Elliot held her tightly, arms browned by the sun and scarred from the past wrapped around one of the most precious things in his life.

“What did you catch today?” she asked, her eyes, so much like her mother’s blinked sky-blue.

“Well Sarah,” Elliot replied. “I caught some fish.”

Sarah laughed.

“I know that, silly! You always catch fish. They live out in the water. What kind?”

“Some salmon, just coming in to spawn, I think. As well as a big swordfish, and a couple of sharks. One of them bit right through the net,” he pointed to the hole he was mending. “Almost bit through me, too.”

“Shark’ll go over well with the villefolk,” said a voice behind them, deep and feminine.

Elliot stood, still holding Sarah in his arms, turned and smiled at the speaker.

She stood even with his five-foot-ten, a stature that made her a giant among the people of her little fishing ville, slight inbreeding making the common height five-foot- five or shorter. She owed her stature to her mother’s encounter with a band of raiders who’d barely left her alive, and she found later, with child.

Her skin was tanned, a deep bronze that was stretched tightly over a lithe muscular body. Her eyes, light blue, contrasted deeply with the dark skin, and when she smiled, her white teeth stood out starkly.

Her hair, not the common brown of the ville was midnight black, at the moment pulled back and tied with leather twine to keep it out of the way. When loose, it hung to nearly waist length.

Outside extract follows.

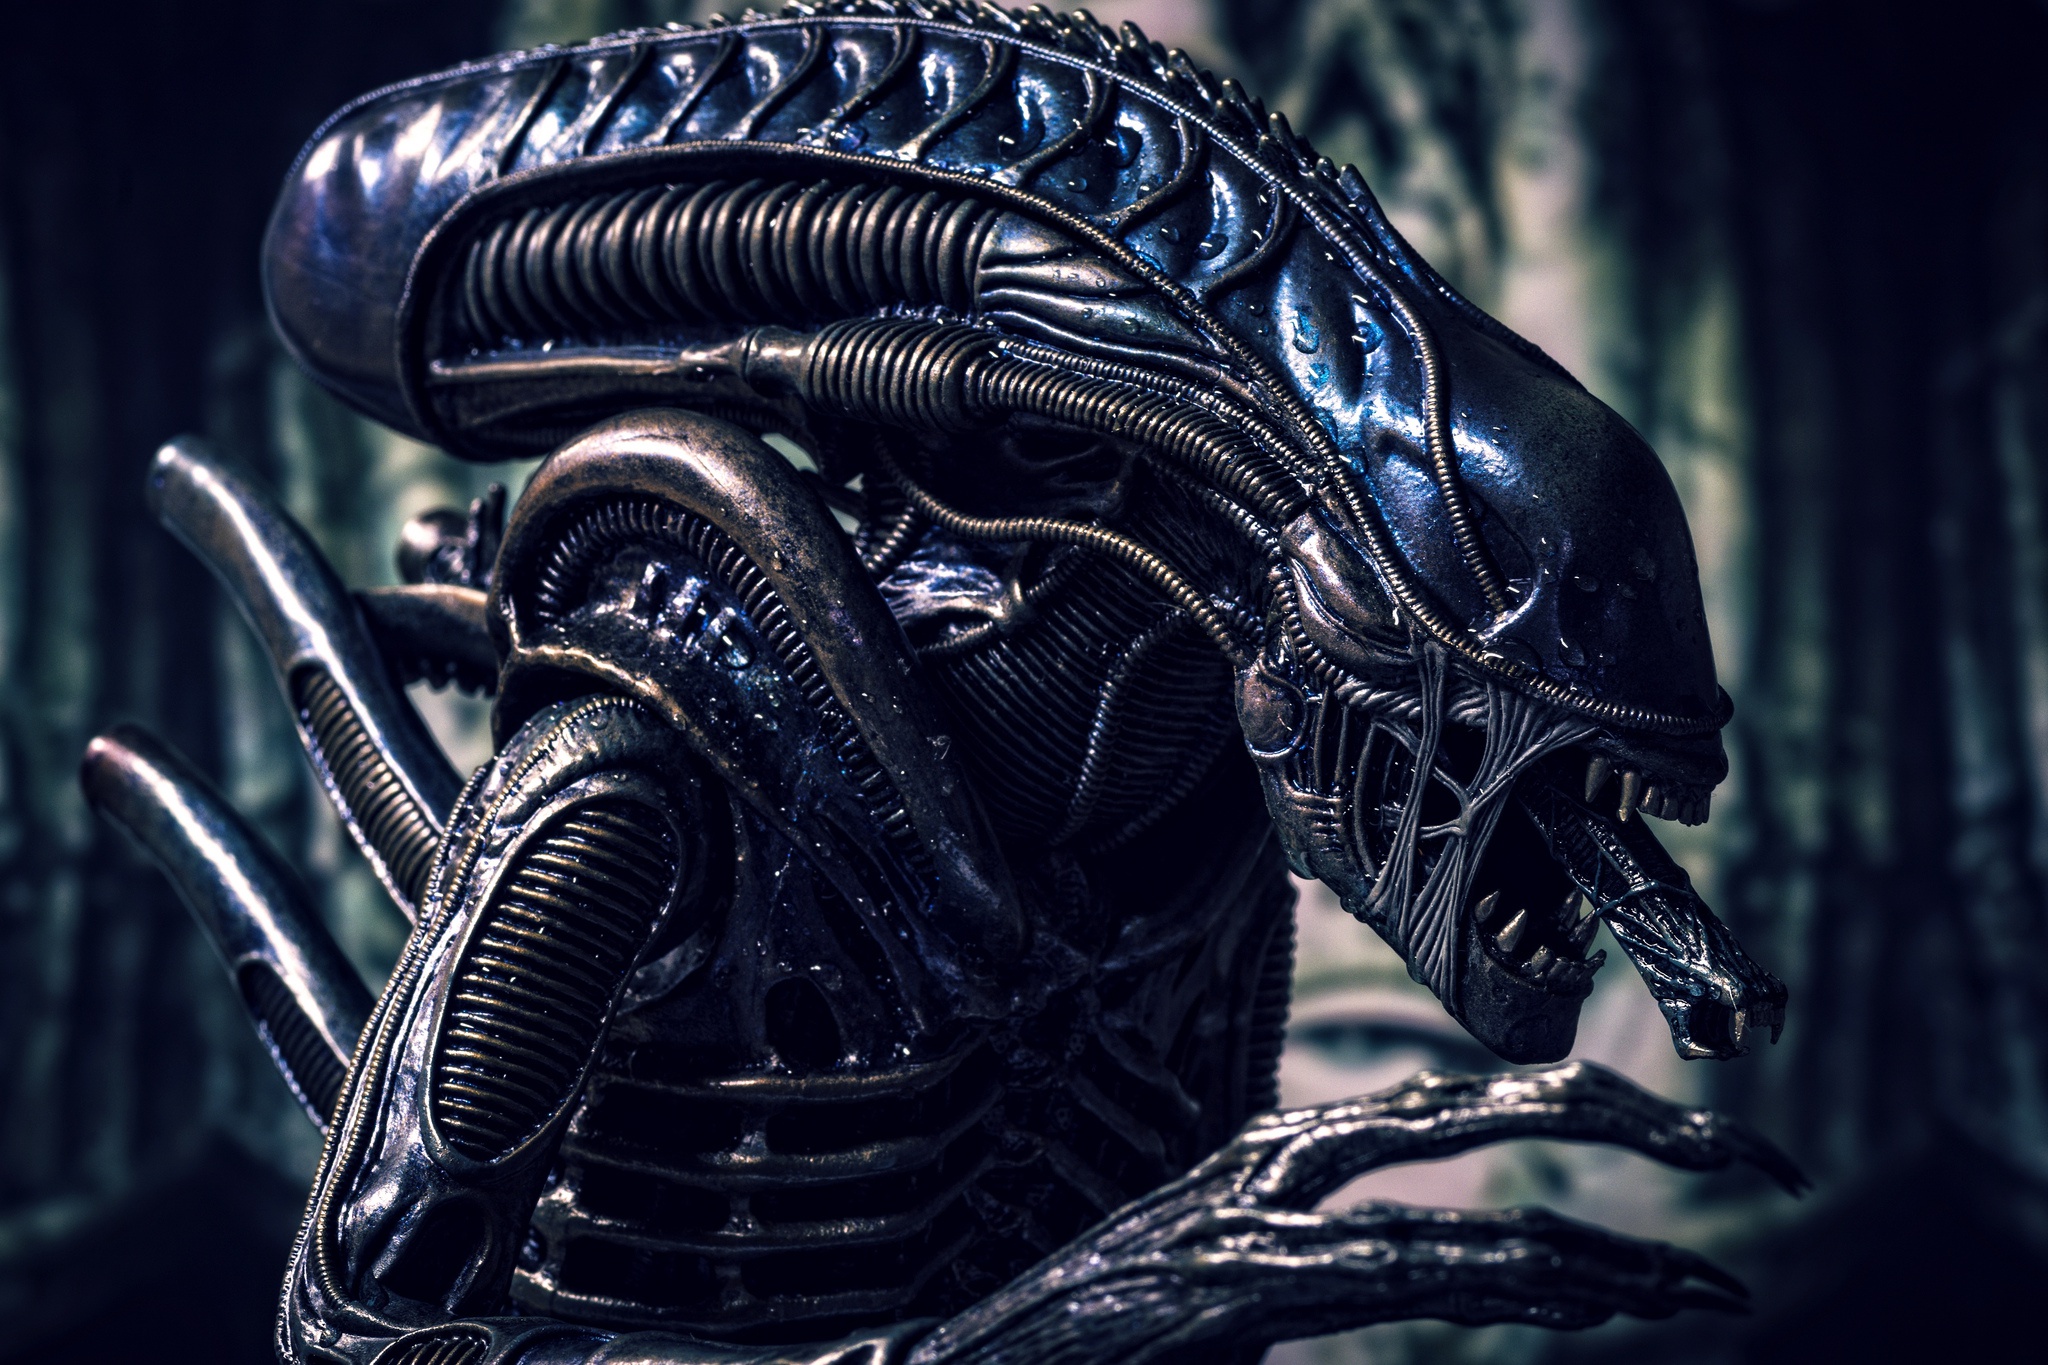 General 2048x1365 Xenomorph aliens movies Alien (Creature) science fiction horror digital art

She was beautiful, but a rugged beauty, because like her husband she too bore scars, signs of a hard life, the most recent still pink against the dark skin, only now beginning to burn in the hot sunlight.

Long, the scar ran the length of her forearm, ending just above the elbow, a parting gift from the poisonous tip of a mutie stingray’s whipping tail. The creature had been twenty feet wide, nearly ten long, with a bony tail nearly half again as long.

She’d been feverish for a week after that, the ville elders sprinkling boiled salt and herbs on the wound, to pucker and dry it, drawing out the poison, chanting all the time they did so.

In Elliot’s opinion, the chanting did more good than the salt, but they’d had more experience with that type of mutie than he’d had, so he allowed them to proceed.

And on the eighth day, she opened her eyes, and asked for her daughter.

“Asia,” he said, smiling. She arched an eyebrow, asked; “Needin’ to put a name to the face, lover? Mebbe you’ve been out on the water too long.”

He shrugged. “Mebbe I missed you.”

Sarah spoke up. “And me!” she said indignantly.

The two adults laughed.

“Yeah, Sarah. And you.”

The little girl wriggled out of his arms, dropping to the sand. “Gonna look at the sharks. Mebbe gots good teeths.”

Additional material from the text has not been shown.